LPSs, components of the membrane of OMVs, are the most potent PAMPs that can activate the non-canonical inflammasome. Many studies showed that OMVs are able to trigger pyroptosis in macrophages [36,37,38,39]. OMVs produced by Enterohaemorragic E. coli (EHEC) are internalized by endocytosis, but LPSs are able to detach from OMVs, leaving the endosome compartment and reaching the cytoplasm. In the cytoplasm of the host cell, LPSs then directly bind the murine caspase 11 (or human caspase 4/5) and trigger the activation of pyroptosis [36]. Another study showed that proteins GBP2 and GBP5 are indispensable for the recognition of LPSs by caspase-1 and promote it [37].
Similarly, in OMVs produced by Bordetella pertussis, the LPS analogs lipo-oligosaccharides (LOSs) carried by OMVs reach the cytosol after their internalization and trigger the formation of an inflammasome, leading to the activation of GSDMD and induction of pyroptosis [38]. As with toxins, OMVs are more efficient for delivering LPSs in eukaryotic cells than bacteria. A study showed that OMVs from Porphyromonas gingivalis induce complete activation of pyroptosis with cell death and the release of interleukin, whereas treatment with the same quantity of Porphyromonas gingivalis bacteria just induces the activation of the beginning of the pathway with inflammasome formation [39]. Other studies also showed that, in addition to LPS, intrinsic membrane components of OMVs, such as peptidoglycan and flagellin, participate in the activation of these pro-inflammatory signaling pathways.
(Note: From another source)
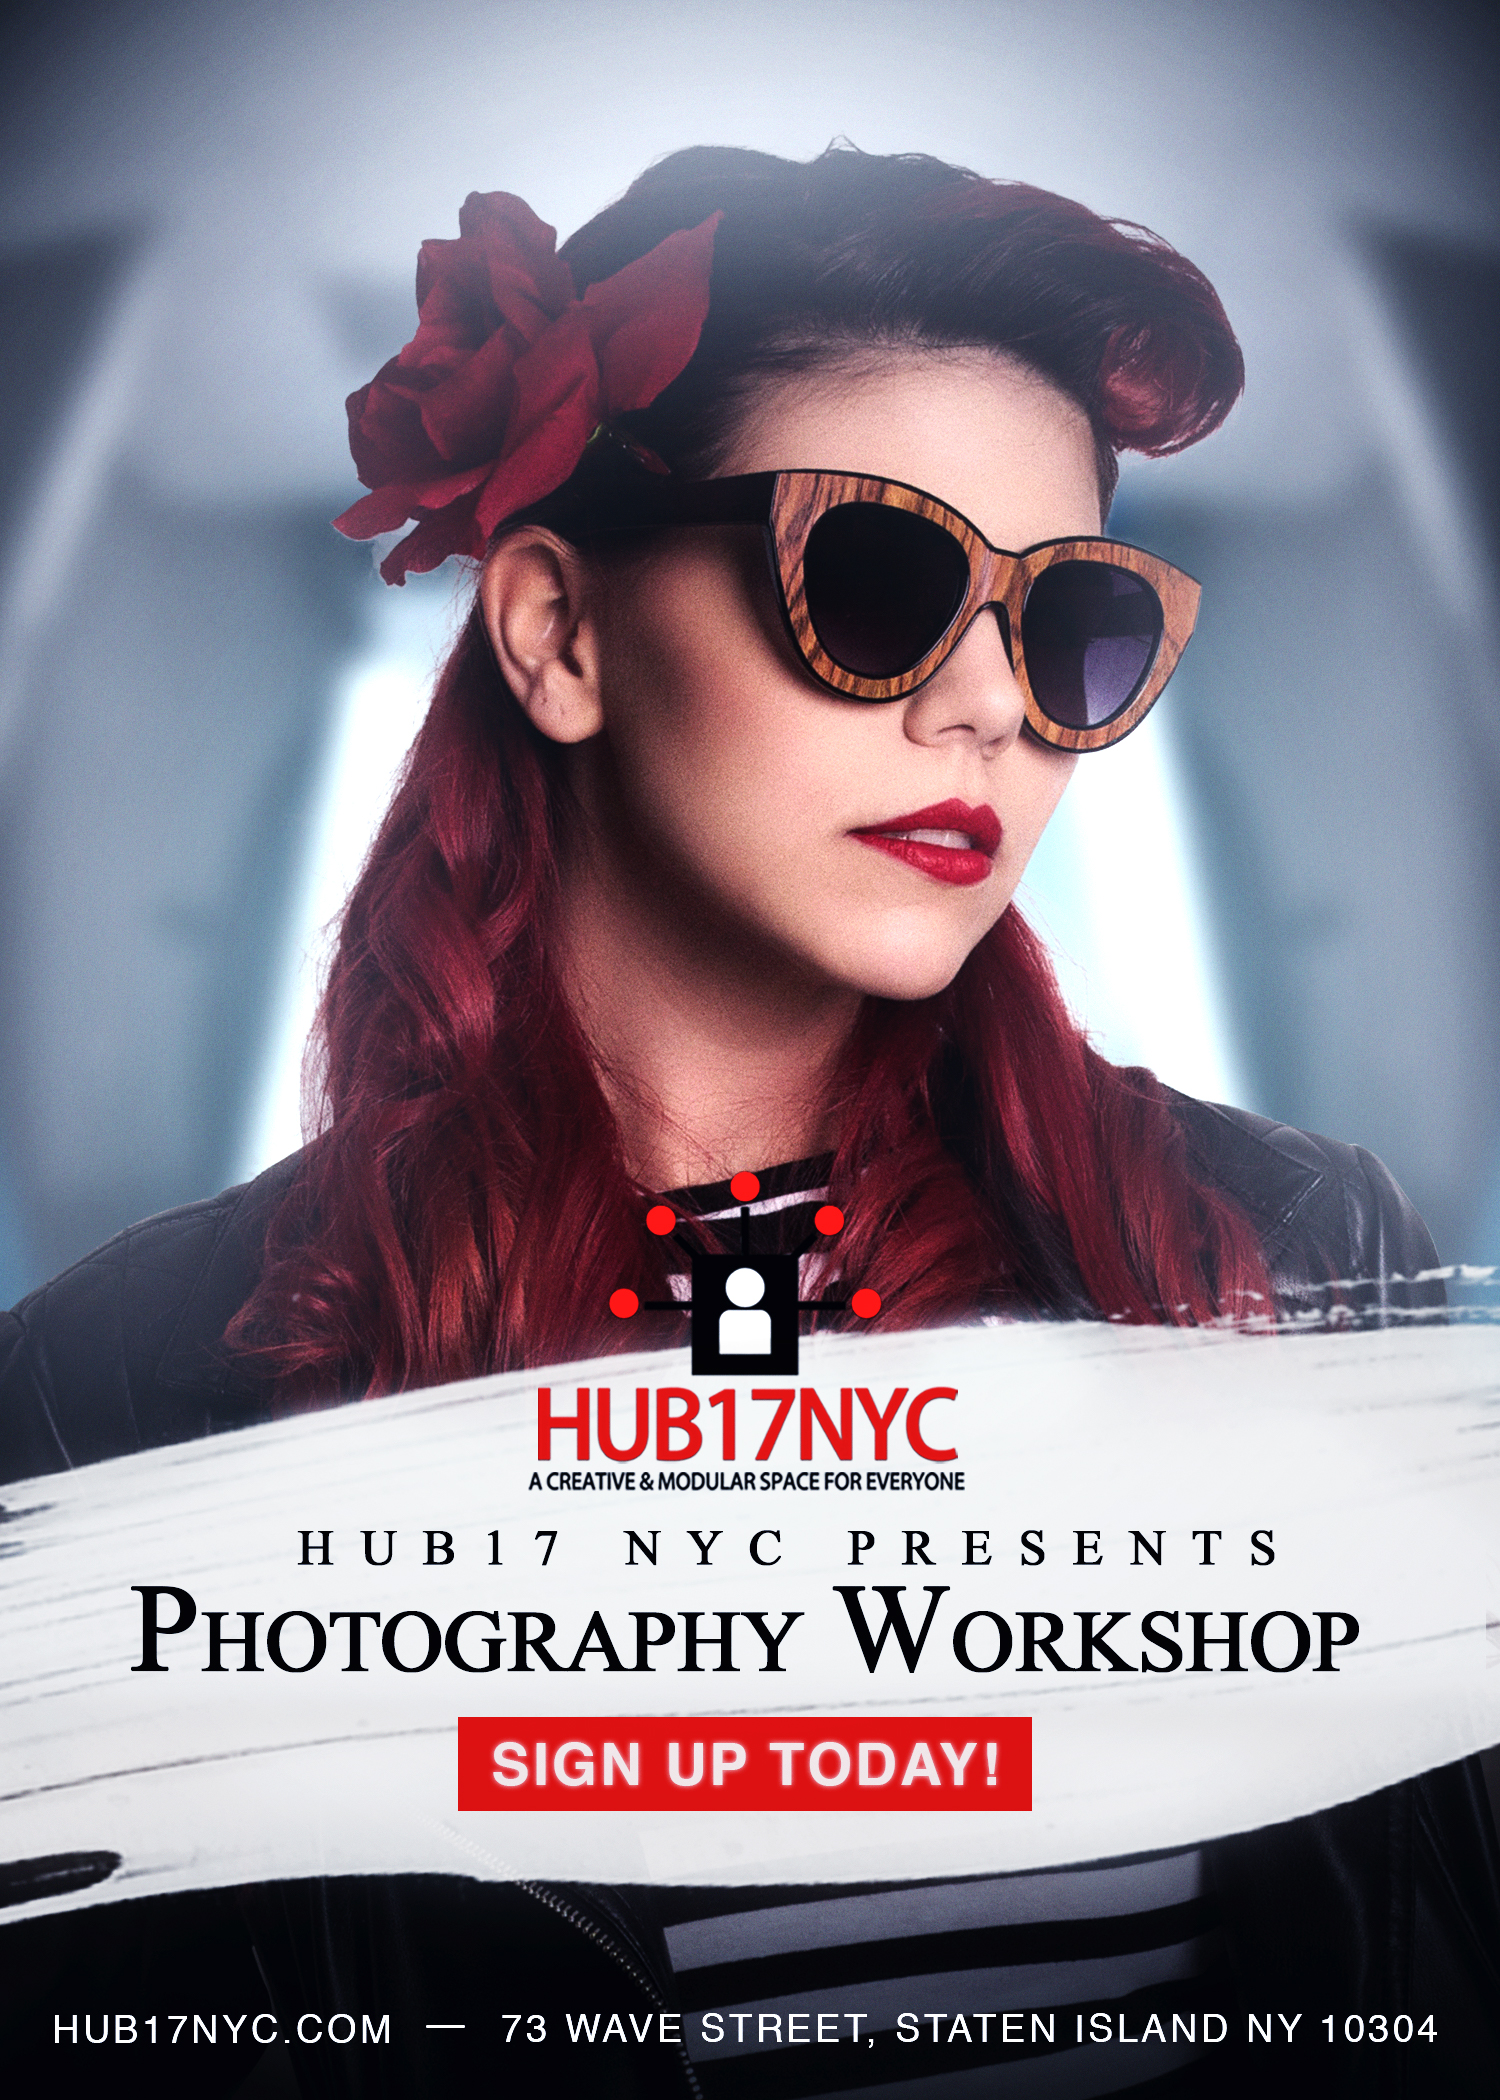 HUB17 NYC_PHOTOGRAPHY WORKSHOP FLYER_V2R1_5x7.jpg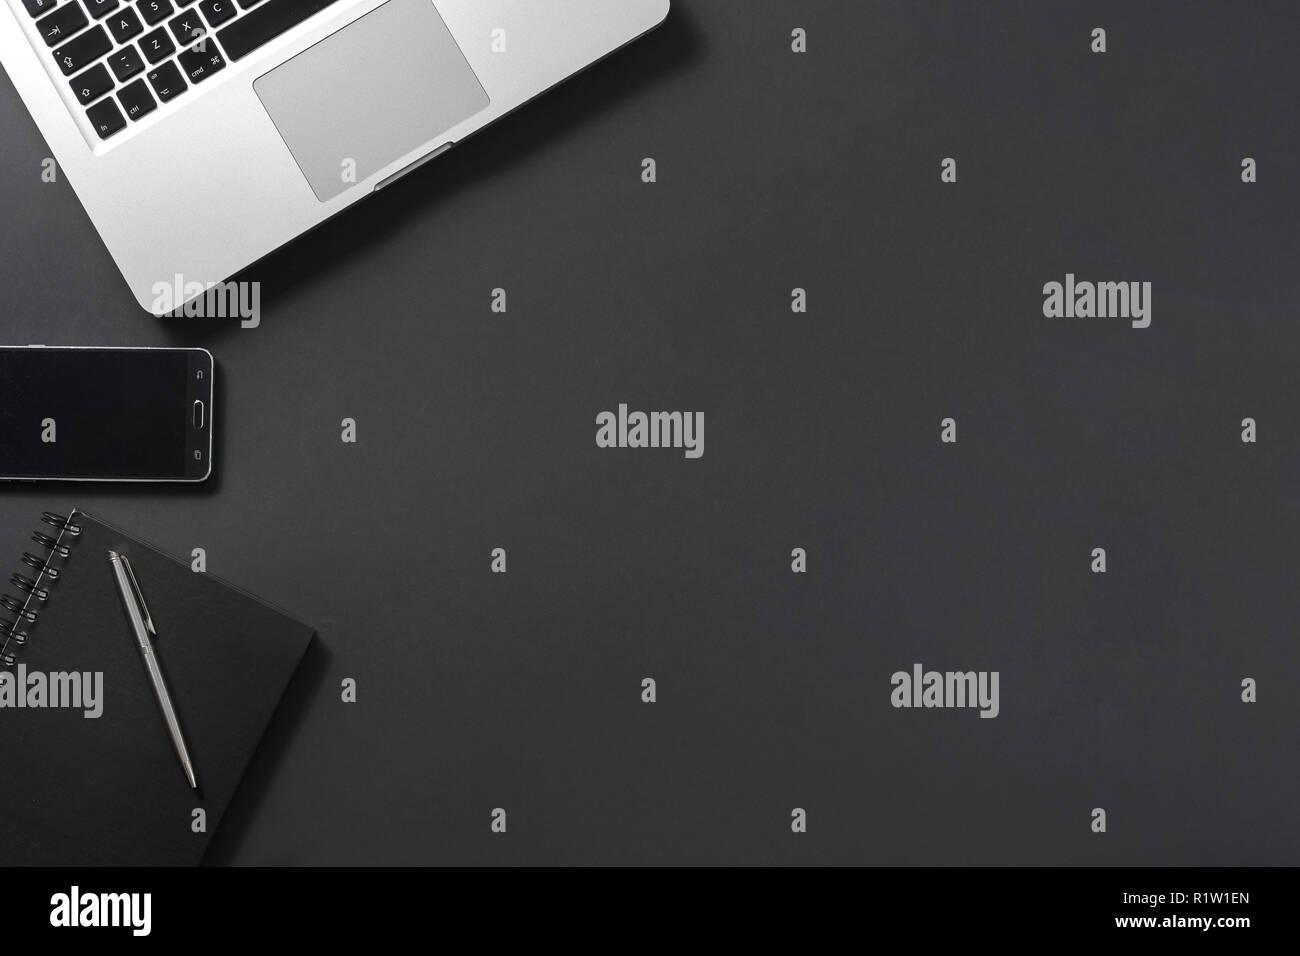 Laptop on black background copyspace textspace socialmedia - Stock Image

OMVs produced by Helicobacter pylori, Pseudomonas aeruginosa and Neisseria gonorrhoeae carry and deliver peptidoglycan in epithelial cells, which are detected by cytoplasmic NOD1 receptors and promote inflammation [40,41]. OMVs from Salmonella typhimurium and Pseudomonas aeruginosa are also able to transport flagellin directly into eukaryotic cells, triggering an NLRC4-dependent activation of the inflammasome [35].
All these studies point out the vast pyroptotic and pro-inflammatory capabilities of OMVs. Due to their intrinsic composition and regardless of their cargo, OMVs can affect the host immune system and cell viability by inducing pyroptosis. In addition, due to their mode of secretion, OMVs carry toxins or virulence factors and deliver them to the host cell. These toxins impact the activity and viability of eukaryotic cells and can lead to intracellular injury or even apoptosis.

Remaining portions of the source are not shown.